It is important to ensure that it is in the correct format. The JSON objects created in the code above are nested, and contain more data than is requred fro the tables defined

Intermediary step **Data Tranformation** is important for the current nested JSONN format, so that the flat format can be safely written to the database without error

The code below creates two lists, `users` and `uploads`

In [13]:
from datetime import datetime, timedelta
from random import randint

In [14]:
users = []
uploads = []

In [15]:
for i, result in enumerate(users_json['results']):
    row = {}
    row['UserId'] = i
    row['Title'] = result['name']['title']
    row['FirstName'] = result['name']['first']
    row['LastName'] = result['name']['last']
    row['Email'] = result['email']
    row['UserName'] = result['login']['username']
    dob = datetime.strptime(result['dob'], '%Y-%m-%d %H:%M:%S')
    row['DOB'] = dob.date()
    users.append(row)

In [16]:
for result in uploads_json:
    row = {}
    row['UploadId'] = result['id']
    row['UserId'] = result['userId']
    row['Title'] = result['title']
    row['Body'] = result['body']
    delta = timedelta(seconds=randint(1, 86400))
    row['Timestamp'] = datetime.now() - delta
    uploads.append(row)

In [17]:
users[0]['UserId'] = 10

The main goal for the for loops is to iterate through the JSON objects. For each result, create a new Python dictionary object with keys corresponding to each column defined for the relevant table in the schema. This ensures that the data is no longer nested but keeps only the data we need for the database tables

The other step is to use Python's `datetime` module to parse dates and transform them into `DateTime` type objects that can be written to the databse. For the sake of this example, random `DataTime` objects are generated using the timedelta() method.

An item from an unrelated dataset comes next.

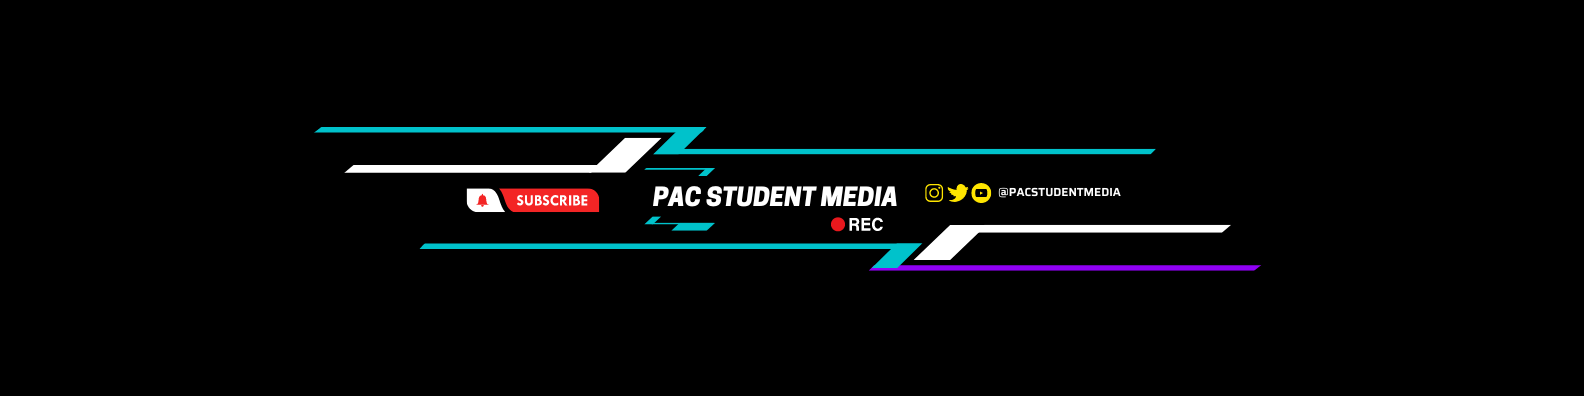 PAC Student Media

Each creaed dictionary is appended to a list

### Load

Finally, the data is in a form that can be loaded into the database. SQLAlchemy makes this step straightforward through its Session API

The Session API acts a bit like a middleman, or "holding zone," for Python objects you have either loaded from or associated with the database. These objects can be manipulated within the session before being committed to the database:

In [18]:
Session = sessionmaker(bind=engine)
session = Session()

In [19]:
for user in users:
    row = Users(**user)
    session.add(row)

In [20]:
for upload in uploads:
    row = Uploads(**upload)
    session.add(row)

In [22]:
session.commit()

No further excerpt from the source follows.